Gay Marriages in States Forced by Circuit Courts to Allow Them Are Not Legal

Should states being illegally-forced to accept gay marriages fire their AGs for inaction?

  • Yes, without a doubt

    Votes: 2 20.0%
  • Maybe, but first they should write their AG's office in case they missed Sutton's legal revelations.

    Votes: 2 20.0%
  • No, absolutely not. AGs in states should listen to only the circuit court's decisions.

    Votes: 6 60.0%

  • Total voters
    10
You don't have any room to tell anybody they are being illogical.

You are being downright hysterical.

Please describe specifically how the following is "hysterical"..

page 14 of Opinion: United States v. Windsor
After a statewide deliberative process that enabled its citizens to discuss and weigh arguments for and against same-sex marriage, New York acted to enlarge the definition of marriage...Against this background of lawful same-sex marriage in some States, the design, purpose, and effect of DOMA should be considered as the beginning point in deciding whether it is valid under the Constitution
"Against this background (a statewide deliberative process) of lawful same-sex marriage in some States (but not all, because we just said it's arrived at by a statewide, not federal, deliberative process of a state's citizens)..."

After reading that, how is again that lower circuit courts can order states to perform gay marraiges against the will of the deliberative consensus?
How again is it that "Prop 8 isn't the law anymore"?

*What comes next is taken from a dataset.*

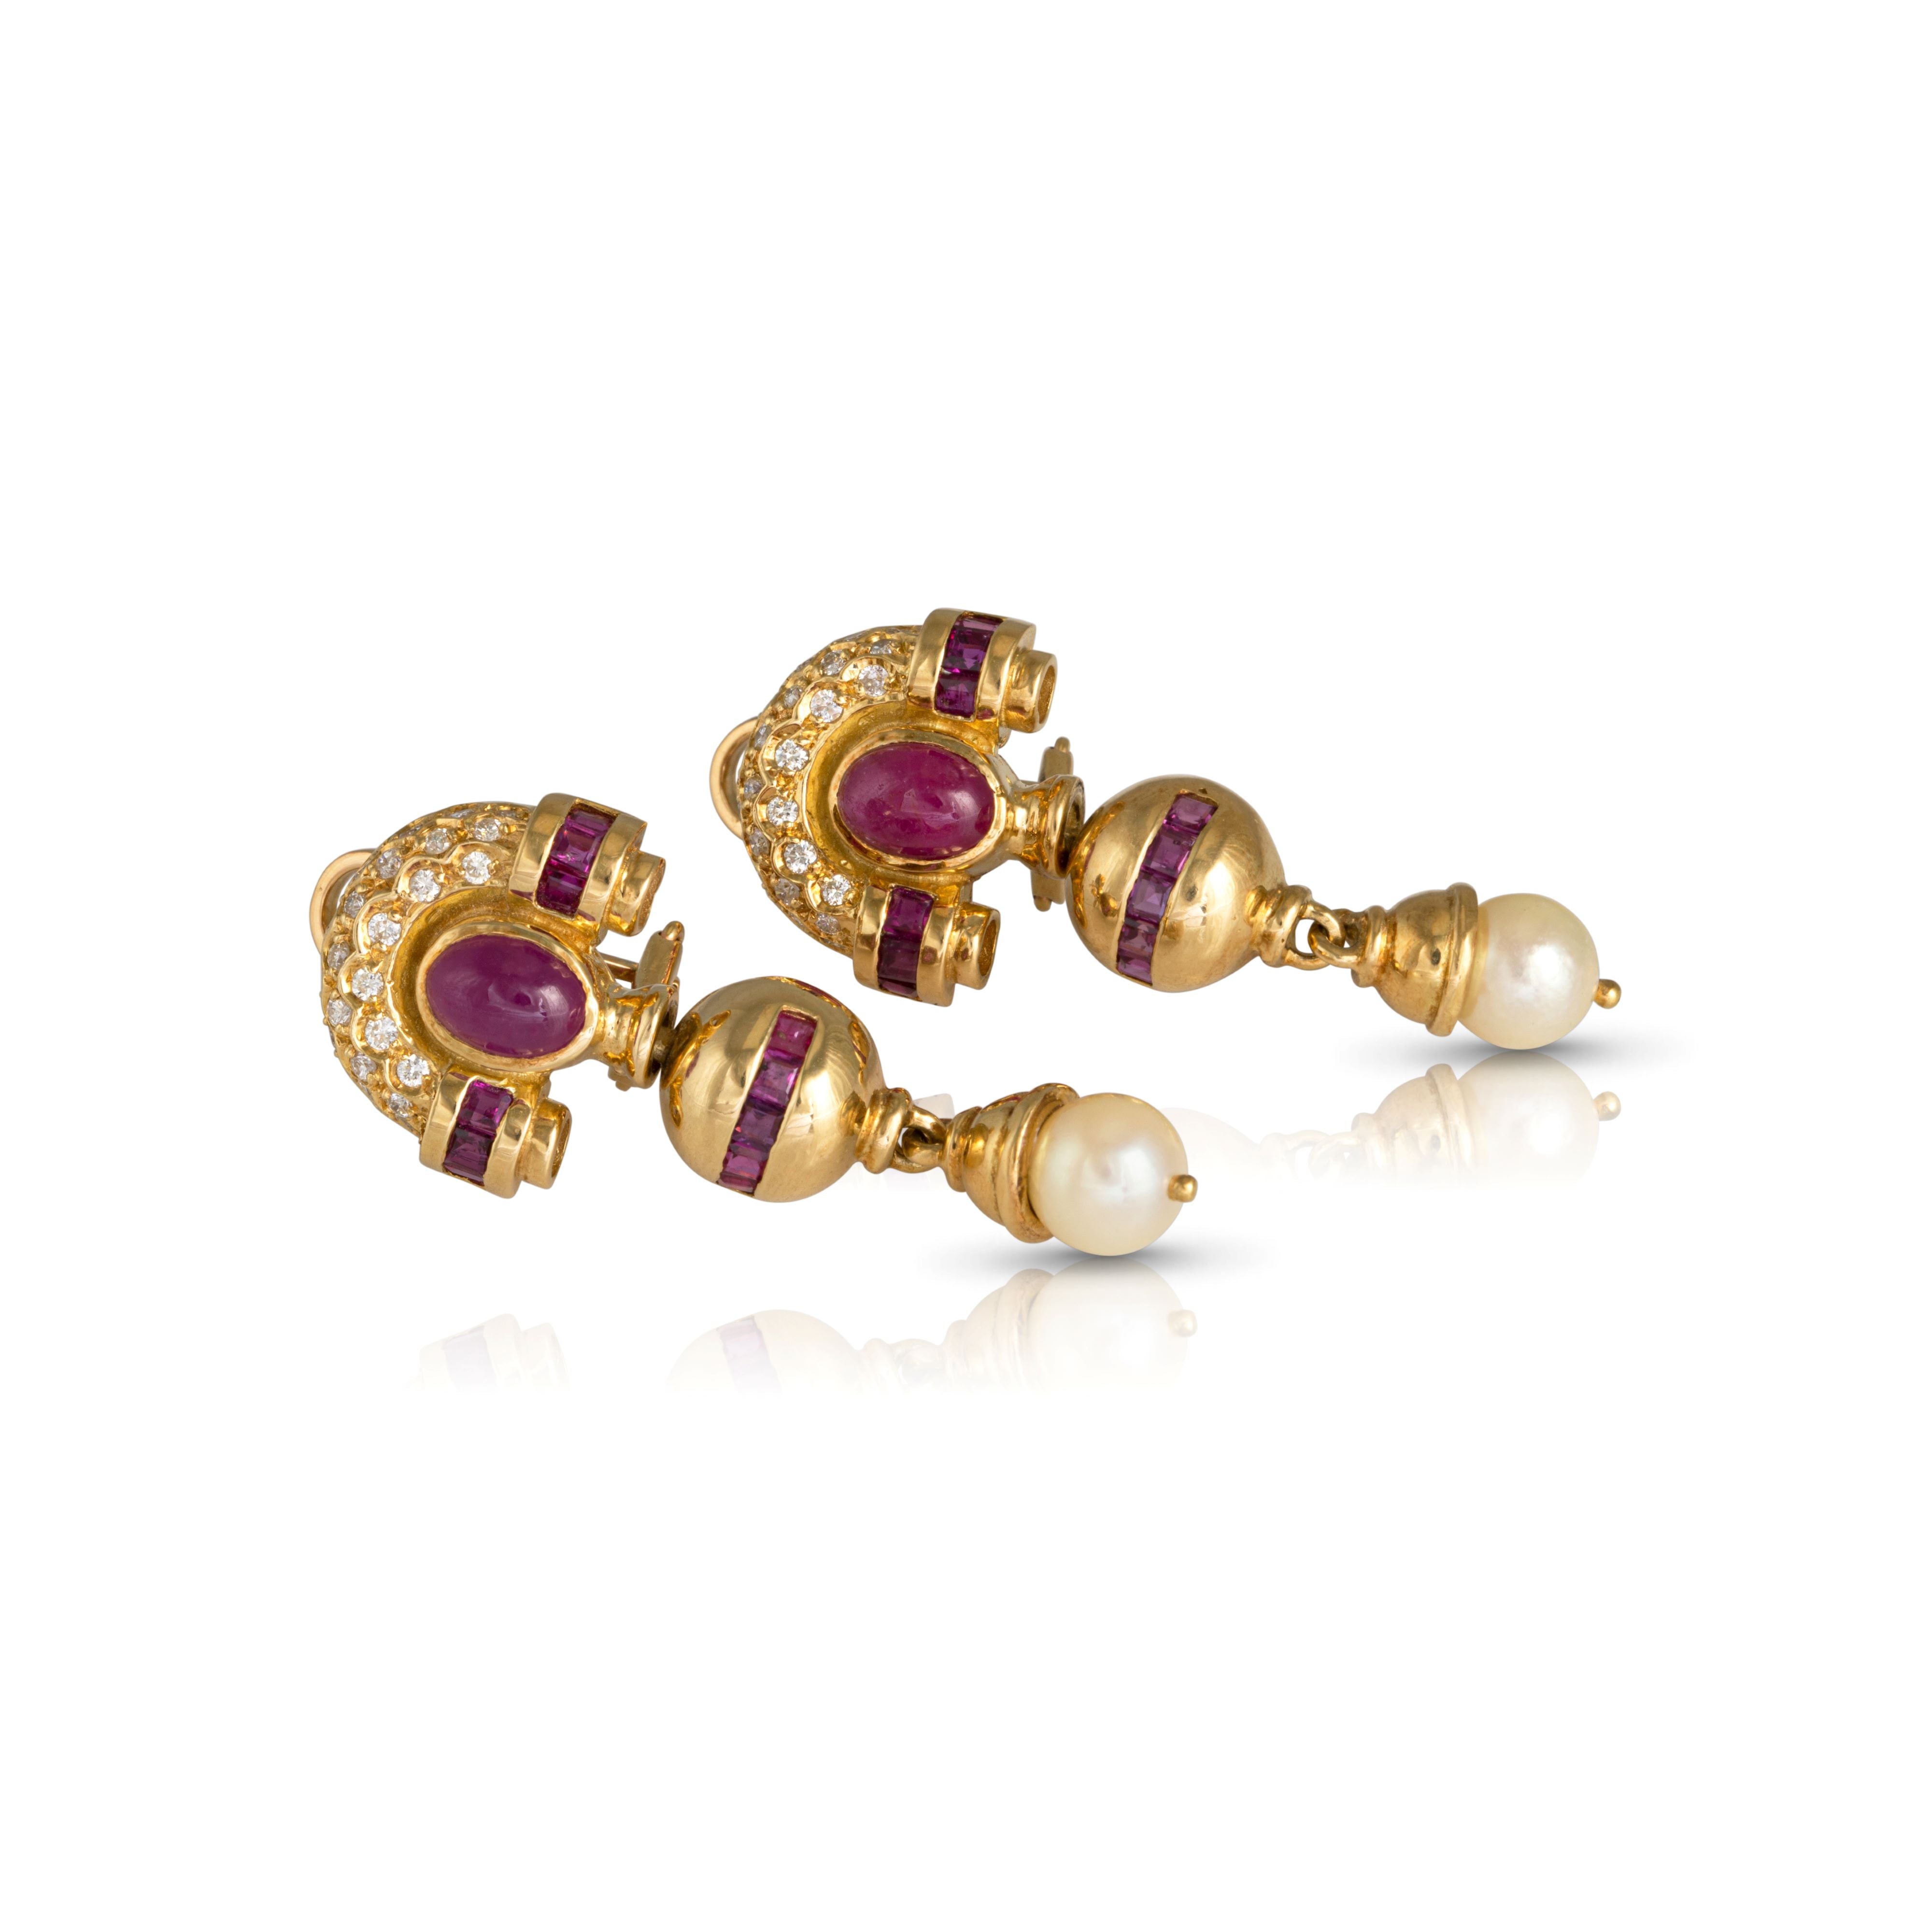 Diamond and ruby earrings in 18ct gold with pearl drops.

You realize of course that the intiative system in California and other states is a "statewide deliberative process"...and that the ruling against defenders of Prop 8 was procedural, not on the merits of their case? The Court effectively (but not purposefully) let stand the lower court ruling in the federal system, for what it was worth. Which is exactly bupkiss upon the reading of Windsor. In June 2013, the US Supreme Court affirmed the merits of Prop 8 as binding law.

[Below]

Just as I thought...you have no lucid rebuttal, only smears. I hope that's not going to be how your lawyers are arguing "the inevitable" in the SCOTUS hearing this year. Because if it is, you'll have to change your name here to "blind-arrogance"..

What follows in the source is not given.